In his recent book on modern China, David Goldman records a conversation with a Chinese banking executive who bought data from telecom companies in order to target ads. “If you have walked by an auto dealership three times in the last few weeks, we send you a text advertising an auto loan,” he said, adding, “We wouldn’t be allowed to do that in the West.” The possibilities for this kind of digital tracking are endless, whether for companies that want to sell you things or for government busybodies that want to control your carbon footprint.

These interested parties know they have a narrow window for putting the bare bones of this system in place before the crisis atmosphere of Covid evaporates. We have an equally narrow window for preventing it.

Vaccine passports were first trialed in San Francisco and New York City. The fact that they went into effect relatively smoothly, without provoking a revolution in either city, is the number one factor emboldening other mayors to adopt them.

The only thing that will stop vaccine passports from spreading further is if the system stops working smoothly. If bar and restaurant patrons stay away, if music and sports ticket sales decline, if businesses refuse to enforce this discriminatory system until legal challenges are heard. My husband suggests that residents of Washington, D.C., should protest the vaccine passport when it comes into effect on January 15 by taking our restaurant dollars across the river to Virginia. (Weird excuse for a date night, but I’ll take it.)

When Gov. Jay Inslee of Washington tried to put in place a contact tracing system that recorded the name and number of every individual who walked into an indoor dining venue, he backed down after popular outcry. Digital vaccine passport apps are a much bigger threat to personal privacy. There needs to be that kind of outcry again.

It will be no consolation if vaccine passports are only implemented in a few blue cities. The Soviet Union’s internal passport system was confined to major urban centers like Moscow and St. Petersburg, plus border areas and other militarily sensitive zones. The regime focused on the areas it was important to control and let the rubes in the hinterland do whatever they wanted—at least until 1974, when universal internal passports were extended to rural residents. The geographic limitation did not make the system any less tyrannical or any less effective at marginalizing dissidents.

The sad thing about Soviet internal passports is that they were popular. When they went into effect in 1933, in Moscow alone, over a million people were forced to leave the city because they were not granted an internal passport, without which they could not obtain employment or register their children for school.
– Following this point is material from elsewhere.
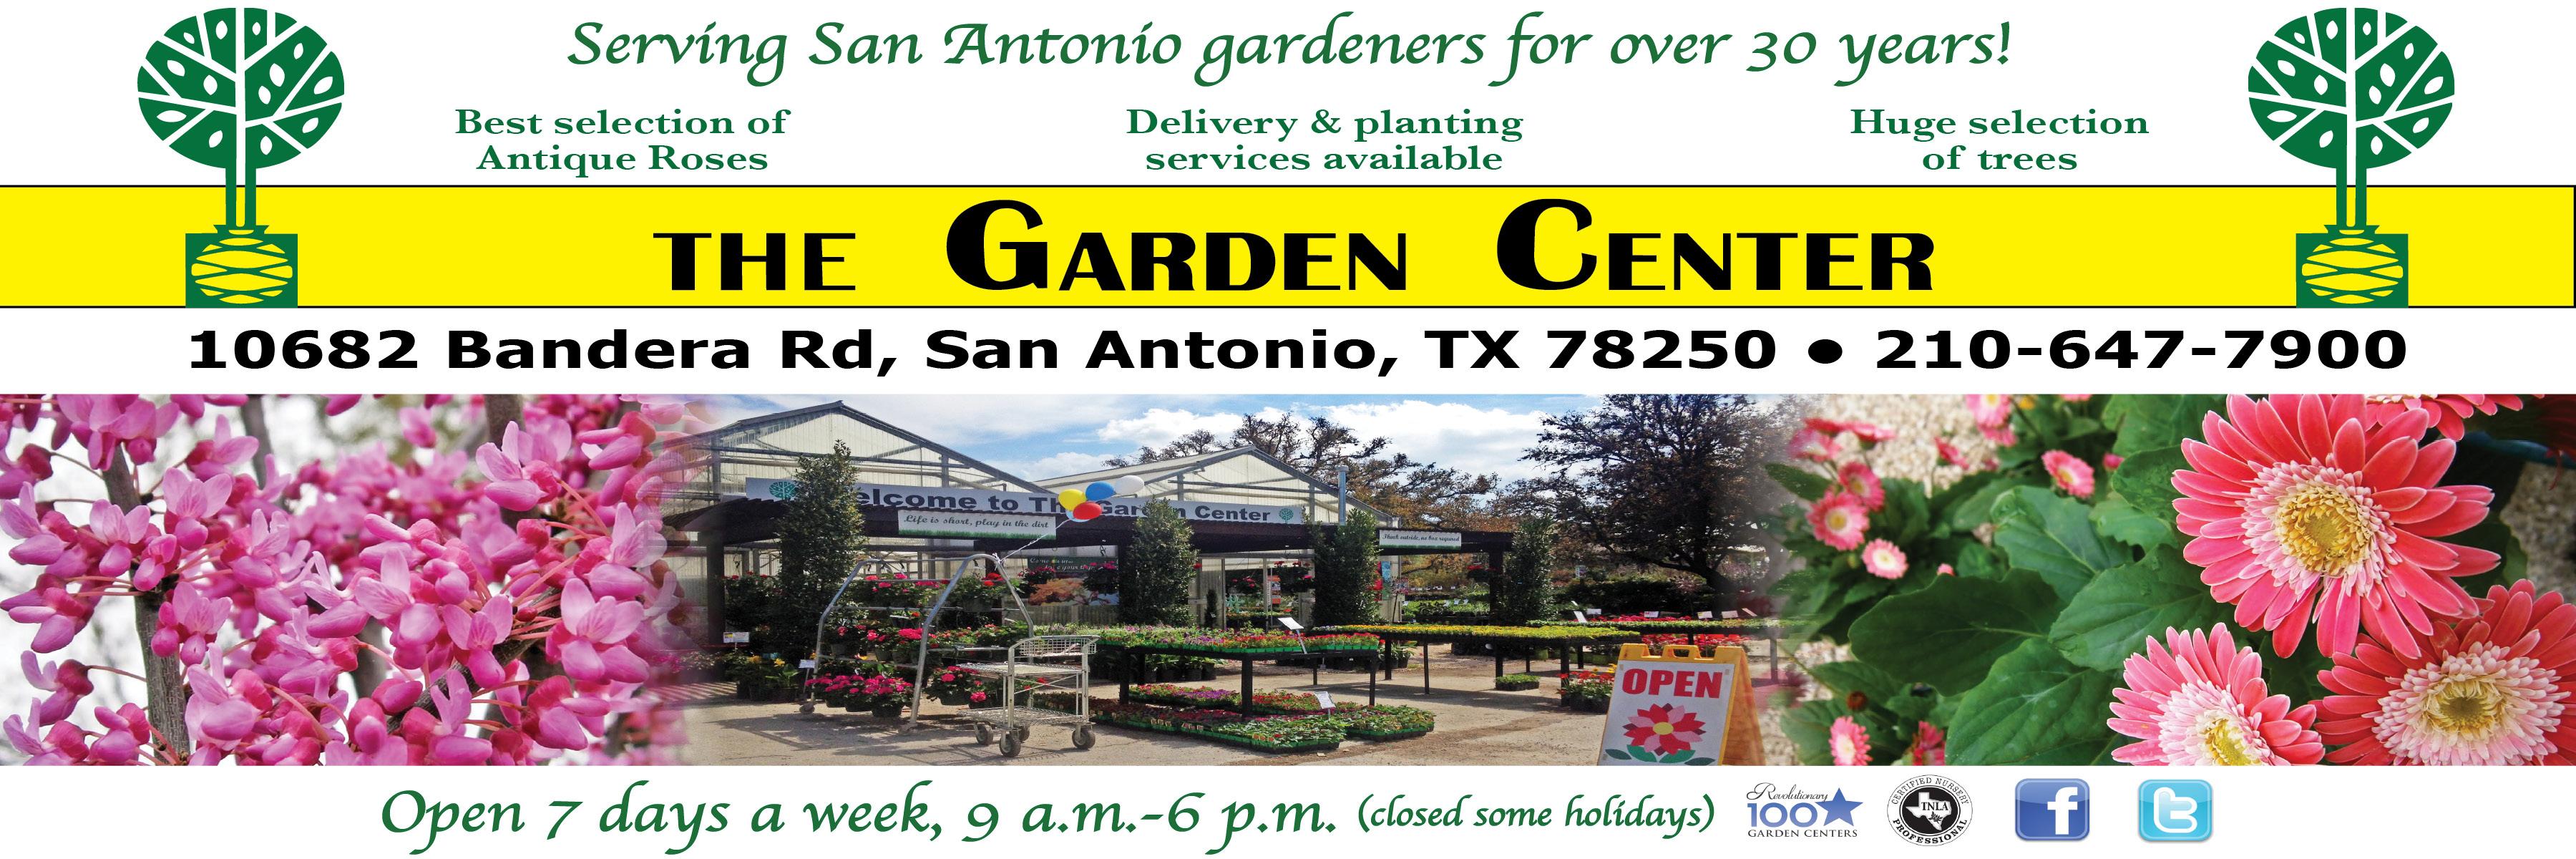 About The Garden Center Garden Center Nursery San Antonio

An internal party communique listed the following responses from workers to the new system, as quoted in Albert Baiburin’s new book The Soviet Passport: The History, Nature, and Uses of the Internal Passport in the USSR:

“It’s good that they’re bringing in the passport system. That’s how we will get rid of the criminals.” —Yegorov, worker at the Borets factory

“It’s important to work and not be a parasite. The Soviet authorities are right not to give passports to parasites and lazy swine.” —Farm worker from the Moscow region

“Kharkov is a major industrial center, with a millionstrong population. Here, people who are totally opposed to the building of socialism have made themselves a cozy little nest. Criminal elements with no creative talents have wormed their way into our institutions. The passport will reveal the true number of Soviet citizens.” —White-collar worker from the ‘Daily Life and Labor’ cooperative

“It’s about time they introduced passports. It’s a great way to clean the dirt out of the capital.” —Stadnik, worker from the ‘Hammer & Sickle’ factory

Notice in the quotations above how seamlessly people slide from the intellectual case for passports—keeping antisocial elements out of sensitive regions—into an emotional hostility toward “parasites,” “lazy swine,” “criminal elements,” “dirt.” Passports encourage hatred and dehumanization, implying that certain people have no right to even exist alongside the rest of us. At a time of unprecedented political polarization, that is the last feeling that should be encouraged.